Fischi all’Opera di Roma: non convince il "Don Giovanni" di Vick

Fischi all’Opera di Roma: non convince il "Don Giovanni" di Vick Locandina dal sito del Teatro Costanzi.
Mercoledì 2 ottobre alle ore 19.30 è andata in scena al Teatro Costanzi – teatro dell’Opera di Roma in Piazza Beniamino Gigli 1 – la quinta replica del "Don Giovanni" di Mozart

Grigiore pervasivo, scenografia essenziale e risignificazione regalano al regista Graham Vick una settimana di fischi. 

Il Don Giovanni a regia vickiana è una di quelle esperienze che fanno sentire ignoranti, proprio come quando ci si reca a una mostra d’arte contemporanea il cui significato risulti inaccessibile: si tratta di un delirio o sono sprovvisto dei mezzi necessari all’interpretazione? Nella serata del 2 ottobre il teatro romano si è fatto trovare gremito e puntuale al terzo appuntamento di confronto del regista britannico con le trasposizioni di Mozart-Da Ponte: dopo Così fan tutteLe nozze di Figaro, è ora la volta dell’indimenticabile Don Giovanni. Ma in quanti sono davvero riusciti a riconoscerla?
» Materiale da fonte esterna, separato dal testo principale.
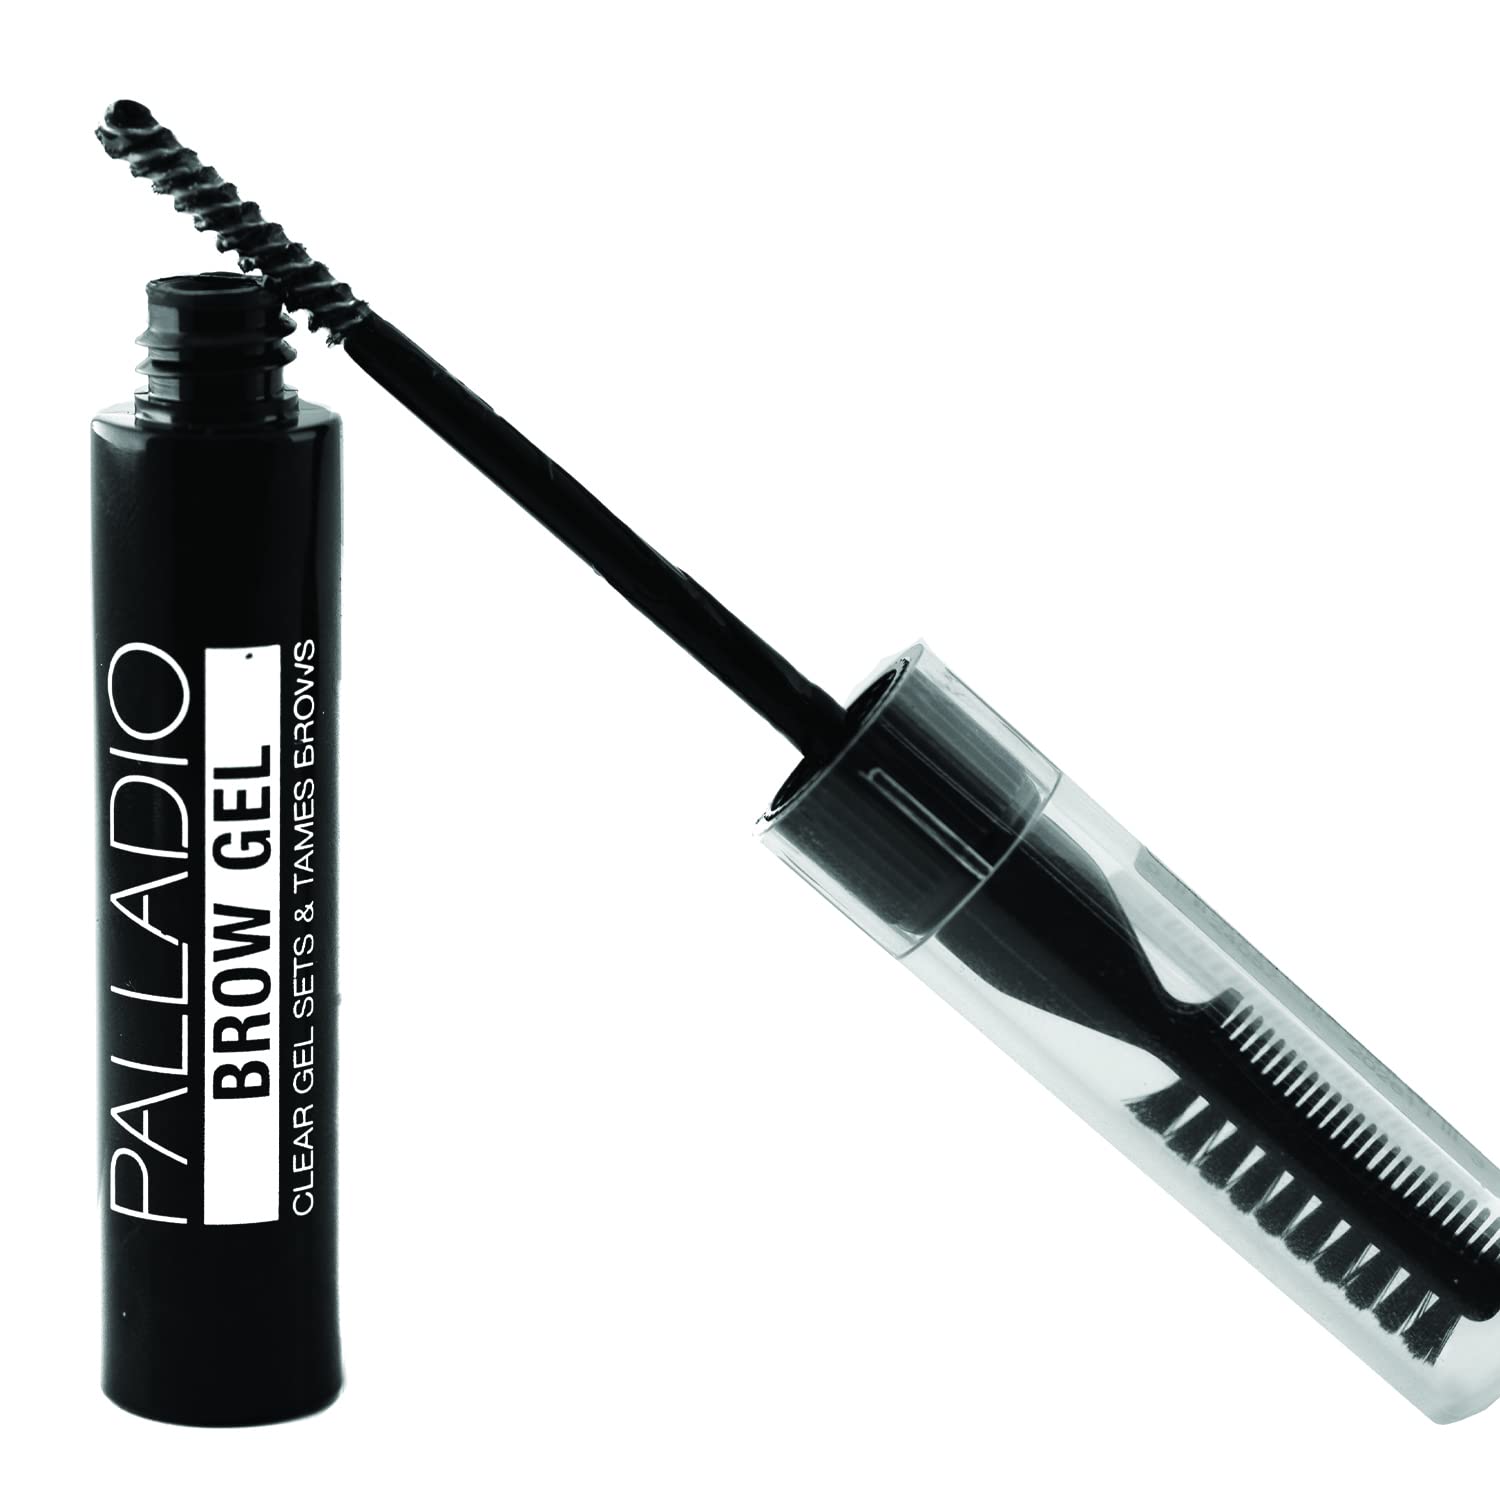 Palladio Brow Styler Clear Brow Gel, Innovative Formula, Holds and Grooms Brows, Brow Setter, Natural Look, Lightweight, Multi-Purpose Conditioning Formula, Doubles as a Clear Mascara, Clear

Andiamo per gradi. Se il pubblico ha rumorosamente polemizzato con la regia, lo stesso non si può dire della direzione musicale del francese Jérémie Rhorer – coerente, coincisa e snella; spoglia di particolare espressività e più incisiva nei momenti drammatici – e degli interpreti, applauditi  calorosamente tanto dopo le arie più celebri, quanto al termine della recita. 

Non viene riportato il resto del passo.